Hyperpigmentation Treatment: How to Fade Dark Spots, Melasma, and Uneven Skin Tone

Hyperpigmentation is one of the most common skincare concerns worldwide, affecting every skin tone, age group, and gender. Whether you are dealing with post-acne marks, sun spots, melasma, or general unevenness, the frustration is universal: these dark patches are stubborn, slow to fade, and can return with even minor sun exposure.

The good news is that hyperpigmentation is treatable. The key is understanding which type you have, choosing the right ingredients, and being patient with a consistent routine.

Understanding Hyperpigmentation Types

Post-Inflammatory Hyperpigmentation (PIH)

What it is: Dark marks left behind after inflammation. Acne, eczema, cuts, burns, or any skin trauma can trigger PIH. The inflammation stimulates excess melanin production in the affected area.

Who gets it: Everyone, but it is more common and more persistent in medium to deep skin tones (Fitzpatrick types III-VI) because these skin types produce melanin more readily.

Appearance: Flat, discolored patches that range from pink or red (in lighter skin) to brown or dark brown (in darker skin). They are not raised or textured.

Prognosis: PIH fades on its own over time (months to years), but treatment significantly accelerates the process. With proper treatment and sun protection, most PIH fades within 3-12 months.

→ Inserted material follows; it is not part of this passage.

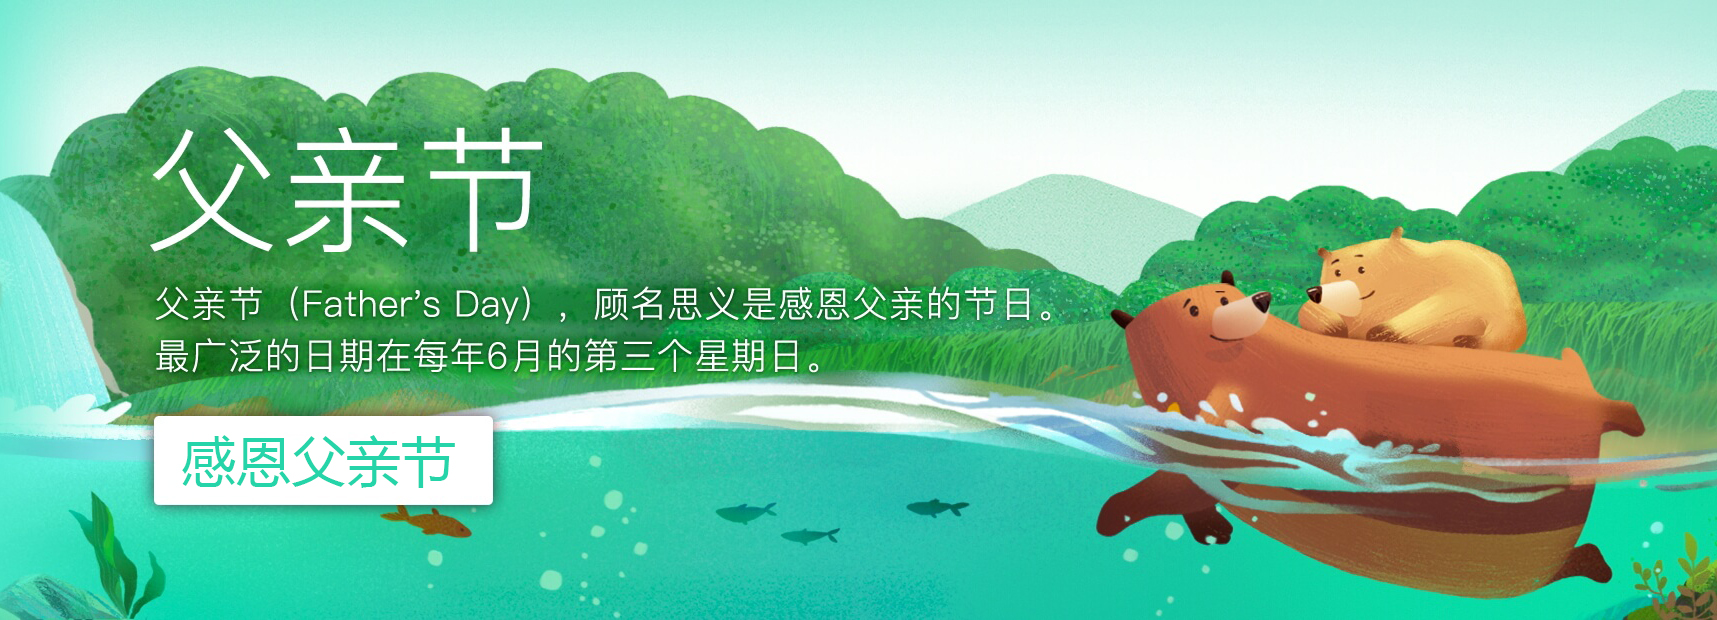 广州珠江电缆有限公司祝天下所有父亲： 快乐幸福，平安如意！

Sun Spots (Solar Lentigines)

What it is: Flat, brown spots caused by cumulative UV exposure. Also called age spots or liver spots.

Who gets it: Most common in people over 40, though they can appear earlier with significant sun exposure. More visible on lighter skin tones.

Appearance: Well-defined, flat, brown spots ranging from freckle-sized to larger patches. Commonly appear on the face, hands, chest, and shoulders.

Prognosis: Sun spots do not fade on their own and tend to darken with continued sun exposure. Treatment is necessary for visible improvement.

Melasma

What it is: A complex, hormonally-influenced form of hyperpigmentation that causes symmetrical patches of discoloration, typically on the face. It is linked to estrogen, progesterone, heat, and UV exposure.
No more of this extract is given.